Put Down Those Glasses of Milk!

In North American society, we are conditioned to believe that we should consume 1200-1500mg of calcium a day in order to prevent osteoporosis in our later years.  Parents feel they are unfit if they do not forcefeed their children 3 servings of dairy products (almost a litre of milk) a day!

However, epidemiological studies investigating Asian countries found that the populations who consumed zero dairy products, and had very low calcium intake, had 1/4 the risk of osteoporosis of North America.  Now, it might be argued that the reduced risk of osteoporosis is due to genetics.  However, the studies showed that when Asian women immigrate to North America and adopt the North American diet and lifestyle, their risk of osteoporosis and risk fractures rises to that of the North American population.

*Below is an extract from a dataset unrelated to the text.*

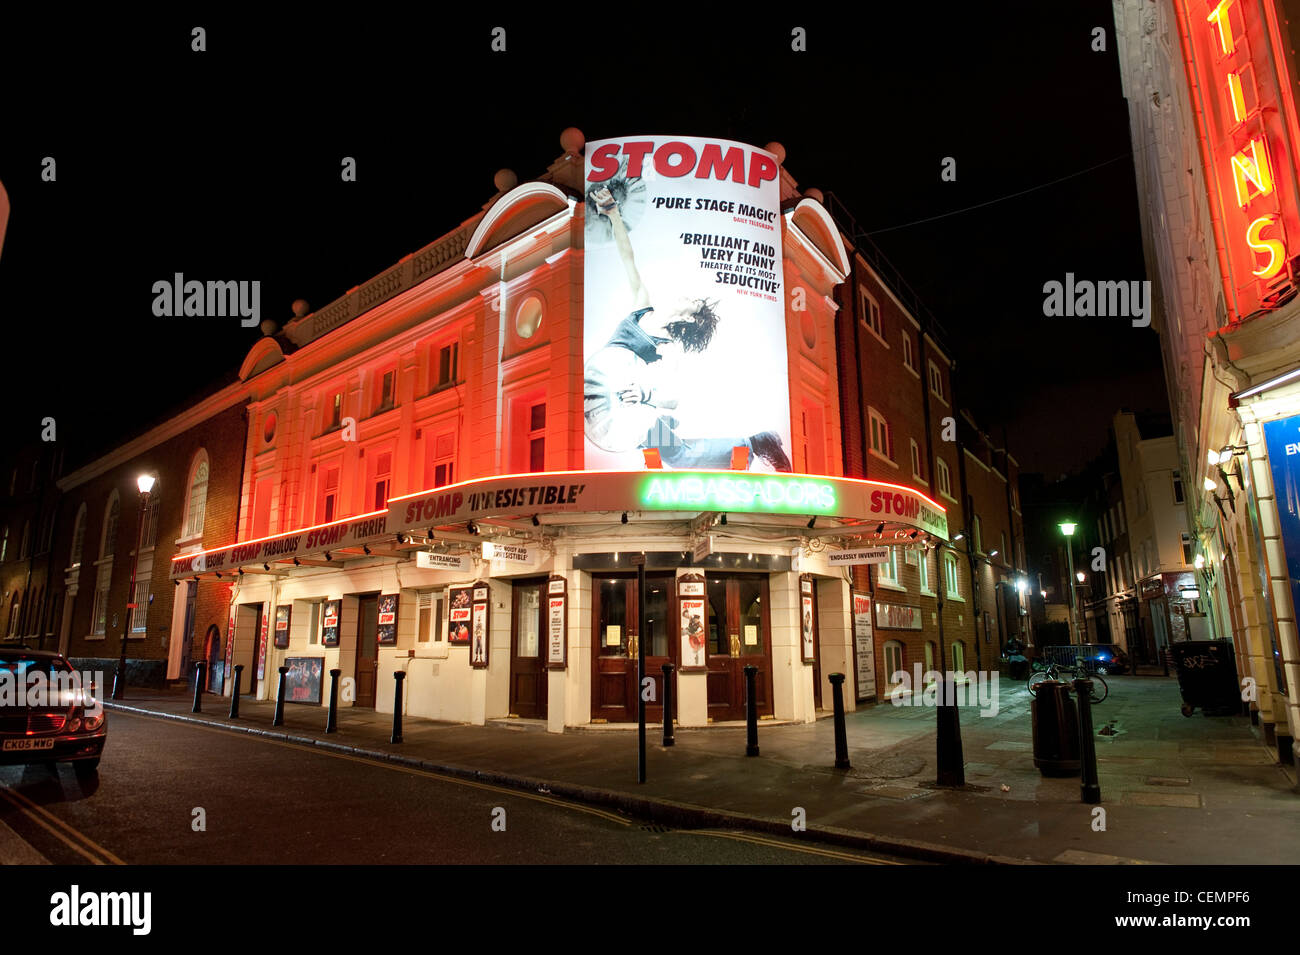 Stomp Ambassadors Theatre London nightlife theatreland Stock Photo

Studies show that, while calcium has been correlated with lower risk of osteoporosis, once you achieve a daily intake of about 400mg, adding more achieves no further benefit.  400mg can be achieved by consuming leafy green vegetables or one serving or dairy product (or a fortified replacement) a day.  However, maintaining healthy bones is about more than simply getting enough calcium in your diet.

Our second year nutrition professor outlines a naturopathic strategy for reducing the risk of osteoporosis and bone fractures by minimizing bone mineral density loss:

– Consume leafy greens and either one serving of dairy product a day, or a dairy replacement (or 100 mg calcium-magnesium supplement) that is fortified with calcium.

– Consume an alkaline diet – a diet that is high in vegetables and contains a moderate amount of meat products and low intake of caffeine.  Studies show that diets that are low in fruits and vegetables and contain large amounts of animal protein and caffeine create an acidic environment in the body.  Because the body needs to maintain its acidity within a certain range, calcium is taken from bones to buffer the acidity and raise the pH to optimal levels.  The result is a loss of bone density over time.

– Ensure adequate vitamin D intake.  Taking supplemental vitamin D in the winter is advised, as North Americans receive little sun exposure during the colder months.  It is important to get at least 400 IU of vitamin D3 a day in order to prevent bone mineral density loss.

– Increase the amount of daily weight-bearing exercise.  Women who engaged in weight-bearing exercise (standing up, walking or weight-lifting) a few times a week experienced lower rates of bone mineral density loss.

– Other supplements: magnesium, strontium, vitamin K, boron, zinc, manganese, copper, and isoflavones from soy or red clover have all shown to have a positive effect on bone mineral density, especially when combined with adequate calcium, vitamin D and weight-bearing exercise.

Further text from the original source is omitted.